I am not really sure if after my Macarons Masterclass I mentioned my homey attempt of recreating these lovely and adorable French pastries. Well, I did and the result wasn’t what I expected. They were flat, footless, chewy… overall, not pretty. I guess my mistake was not mixing the almond flour and egg whites properly, and now that I think about it, they didn’t rest enough as well. Which apparently is a crucial step for the formation of the foot and missing it, didn’t help in achieving the final result. I didn’t take any picture of those embarrassing macarons but I did take a picture of the ones I did couple of weeks ago. They made me proud!

So, what did I do differently? Well, I started with half the ingredients, used my boyfriend to mix part of them (extremely helpful!) and I let them rest properly… I also opened the oven after 4 and 8 minutes so the humidity could escape avoiding unpleasant explosions. Now, they were not all super pretty, but they tasted goooood!
Also, keep in mind, as much as it seems to be an impossible task, they do need to rest 3 or 4 days… they taste heaps better!
Here we go with the recipe and the quantities I used, next step is getting crazy with the ganache. Oh, the picture I have taken was soon after they were assembled so the filling doesn’t look as it should. They were a lot more expressive after few days… Enjoy!
For the Macaron Shell
Ingredients Part 1:
300gr TPT (150gr almond meal & 150gr icing sugar)
60gr Egg Whites (they have to be separated from yolks, out of the fridge for more than 3 days. The more you wait, the better!)
Ingredients Part 2:
150gr Caster Sugar
33gr water
60gr Egg Whites
2gr food colouring (you pick the colour!)
For the Chocolate Ganache:
225gr Thickened Cream
200gr Dark Dark Chocolate
75gr Butter
Step 1 – Making the Ganache:
Chop chocolate to very fine consistency.
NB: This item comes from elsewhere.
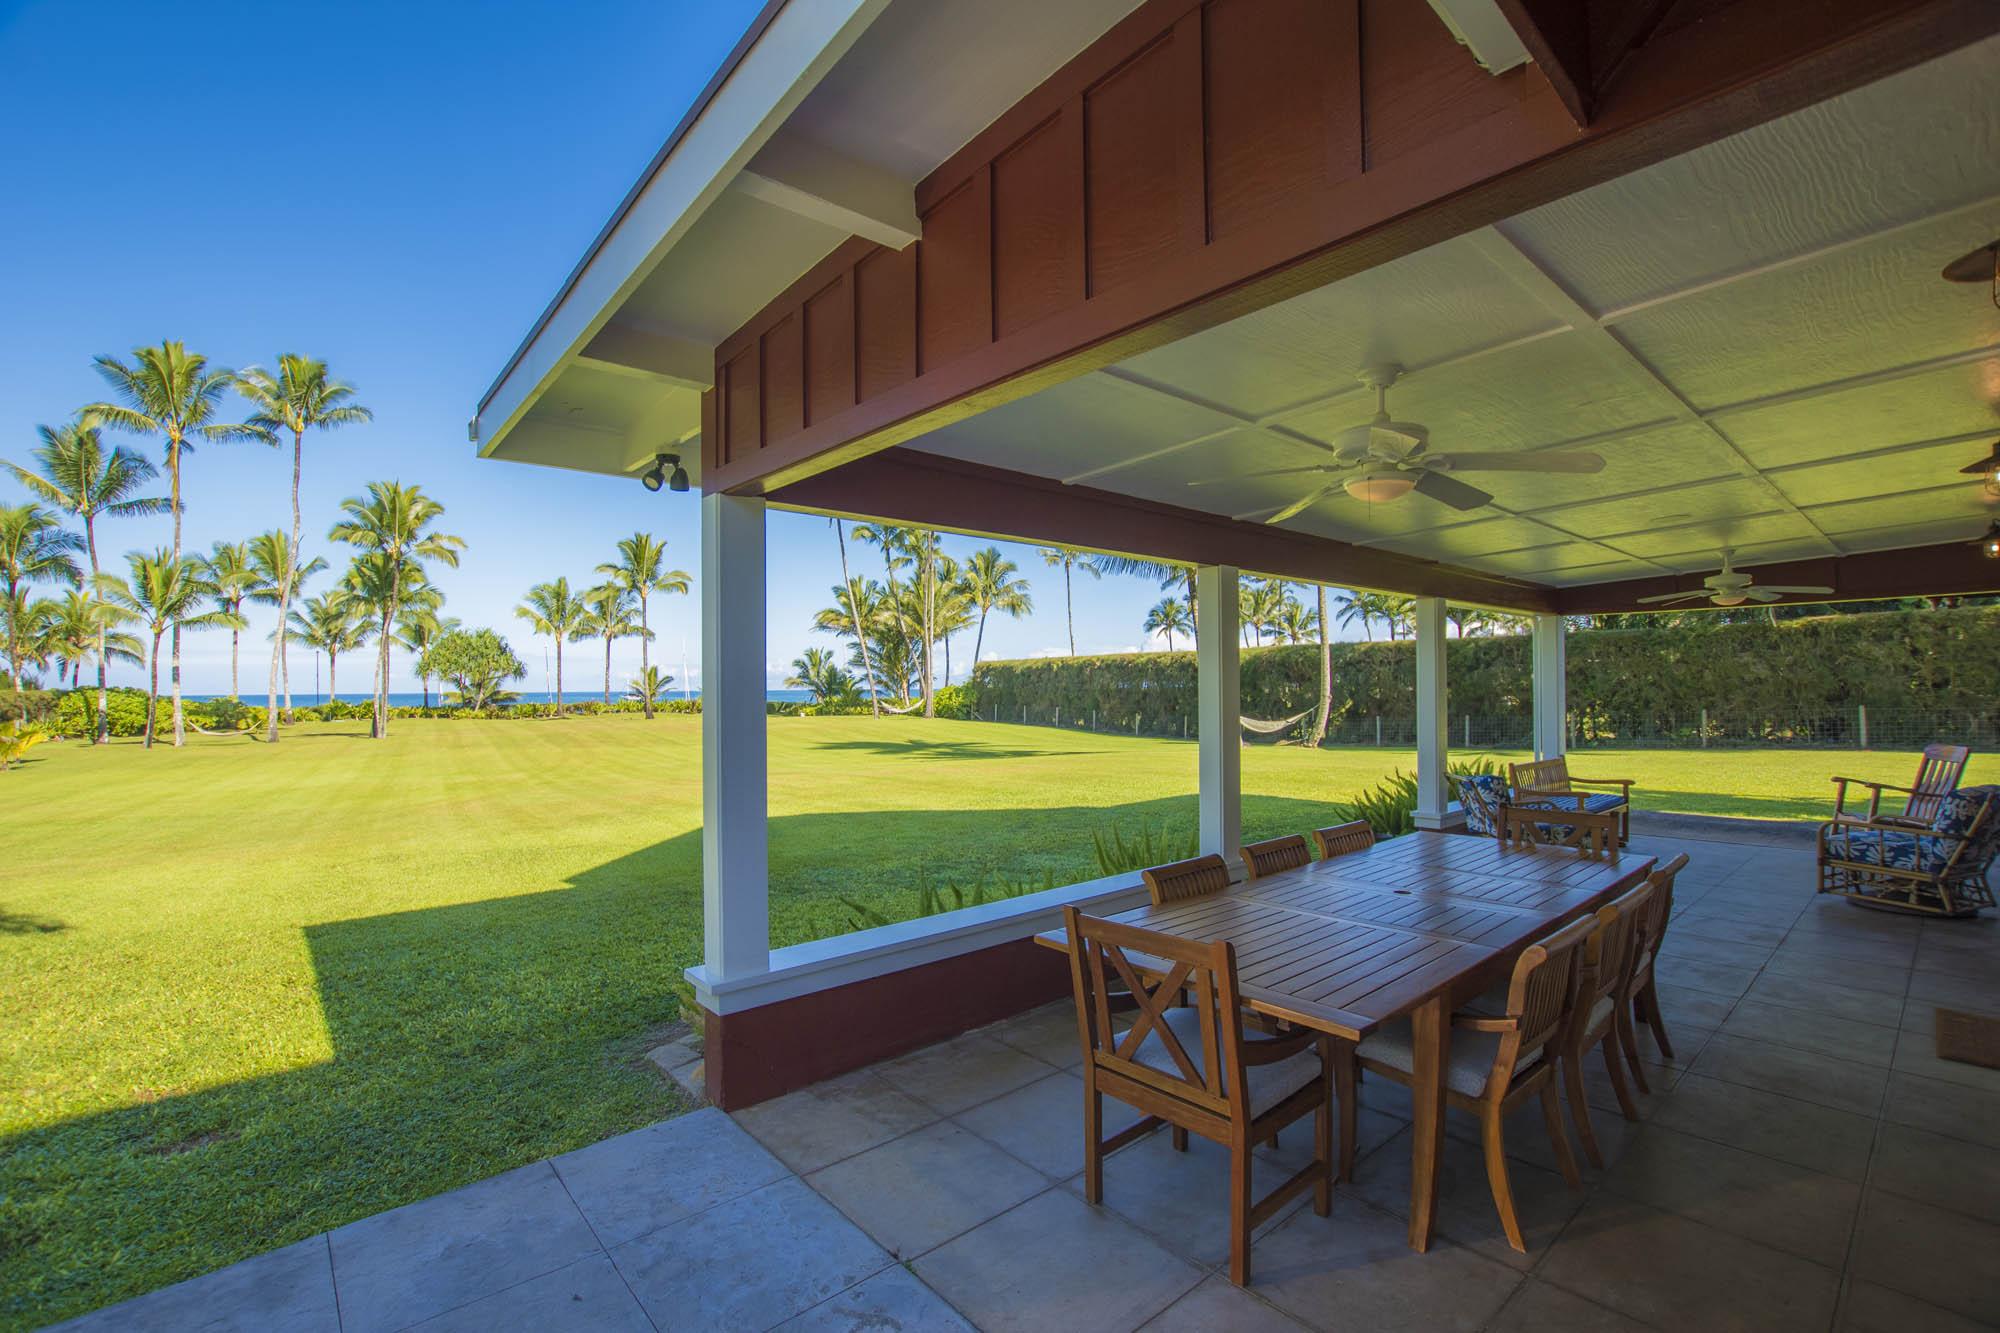 Kauai-217-Hanalei Bay33

Chop butter into small cubes. Boil cream and when at temperature, pour 3/4 into the chopped chocolate and leave for few minutes. Start mixing slowly with a spatula, trying not to incorporate air. Once the mixture is shiny and homogenised, pour the remaining cream over the chocolate. Temperature should be no more than 55°. Add butter and mix until incorporated in the chocolate. Wait till cool, cover with clingfilm so there is no air and then place in the fridge to set.
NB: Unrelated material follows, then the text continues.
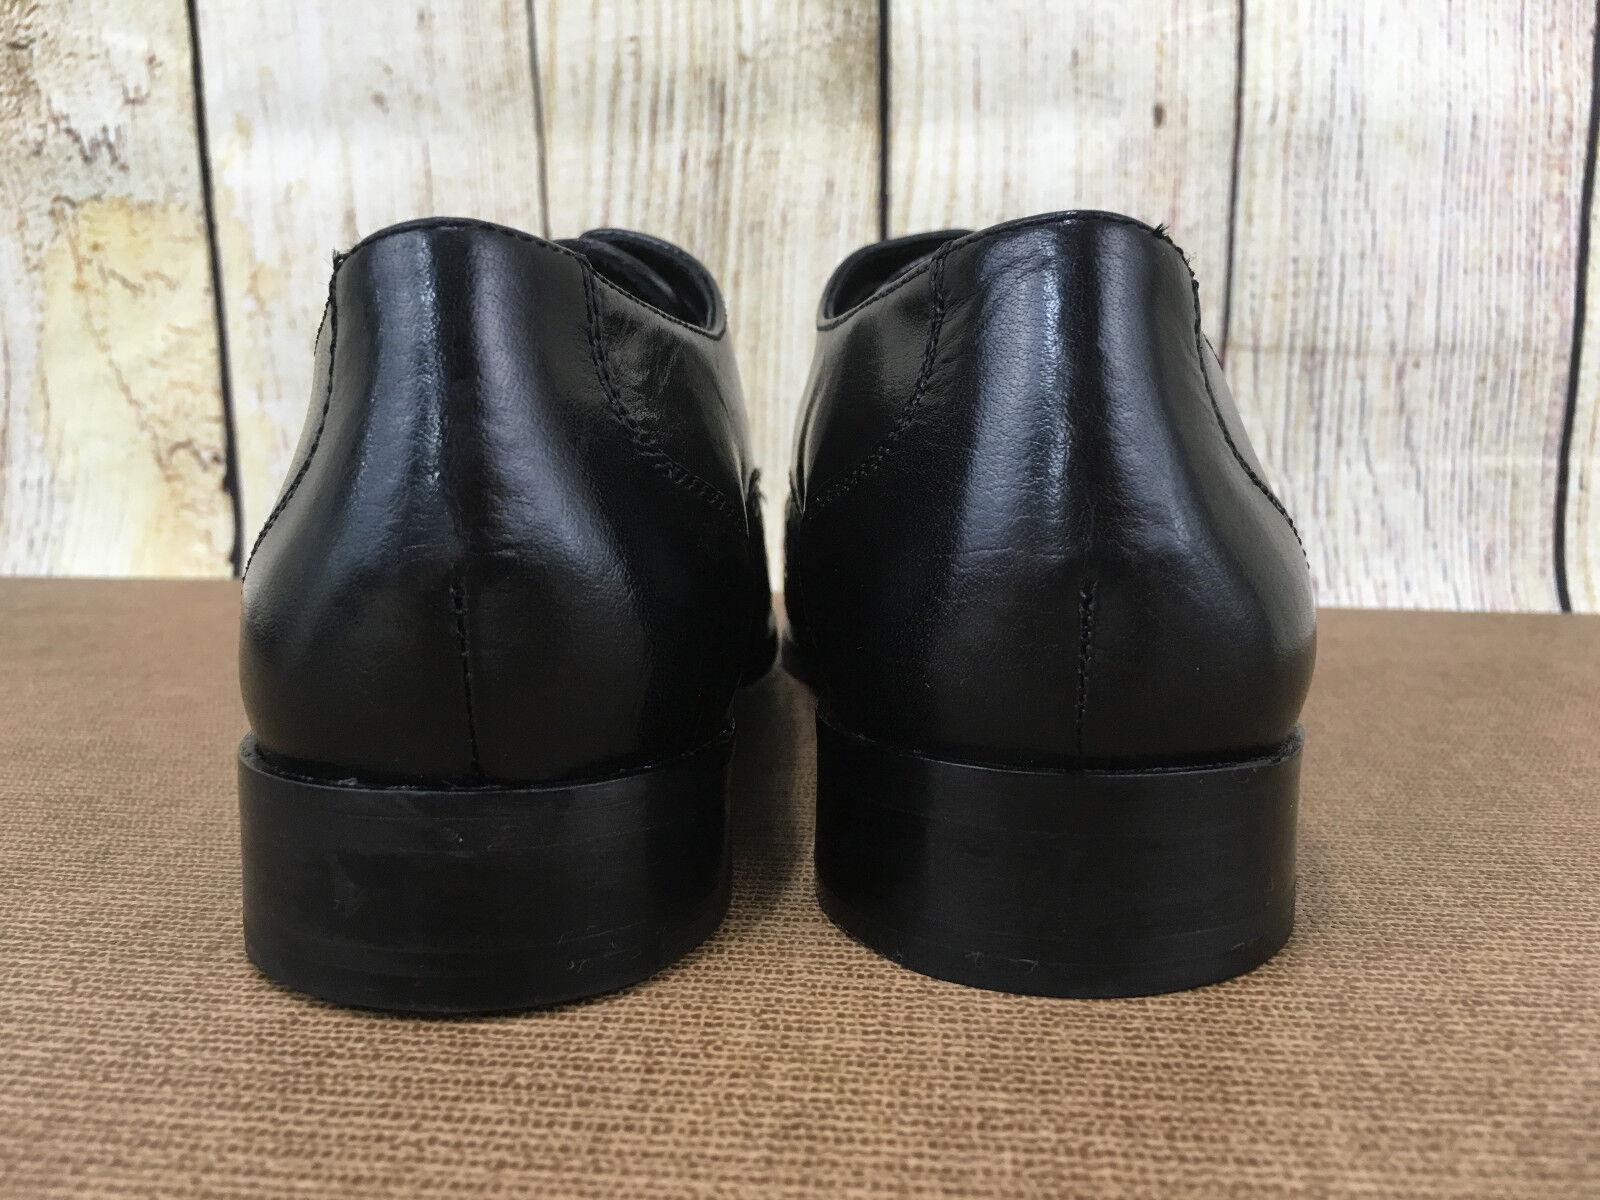 Cole Haan W01024-001 W01024-001 W01024-001 Wmns Jagger Weave Oxford Black  Mismatch Size 7 & 8.5 V57(6 f18600

Step 2 – Making the Meringue Shells:
Mix the TPT with egg whites, until you have a smooth paste. Use your boyfriend, it’s quite exhausting and he can be proud of the fact they are actually perfect!
In another bowl, mix caster sugar, water and colour and commence cooking monitoring temperature. Once sugar got to around 100° commence whipping eggs until they reach ‘soft peak’ consistency. When the sugar reaches 118° it’s time to remove from the stove and pour slowly on the still mixing egg whites. Keep going for about 3 minutes, until the meringue is about 50°. Using a spatula, commence incorporating the meringue into the TPT and egg white batter. Work the mix gently from the side to the middle until you reach a homogeneous, shiny texture.
Using a plastic piping bag, pipe the shells onto a baking sheet. You should have a template to make sure your shells have the same size… very important!
Leave macarons outside at room temperature for 15 minutes or until they seem to have formed a skin, or are dry at touch. Cook for 20/25 minutes (forced fan) at 150°. Open the oven gently at minute 4 and 8, to let the humidity escape. Once cooked, let cool on a wire rack.
To create macarons: try to pair the shells so they have the same size. Take the ganache out of the fridge and leave for a minute to reach room temperature. Use a piping bag and then start filling one half of the paired shell generously. Pick up the macaron filled with ganache, and the empty pair in the other and gently close them together.
Put the macarons on a tray and leave in the fridge for at least 24h. It’s hard, but the more you let them rest, the better!
Leave the macarons out before serving, at room temperature they give their absolute best… Let me know how you go!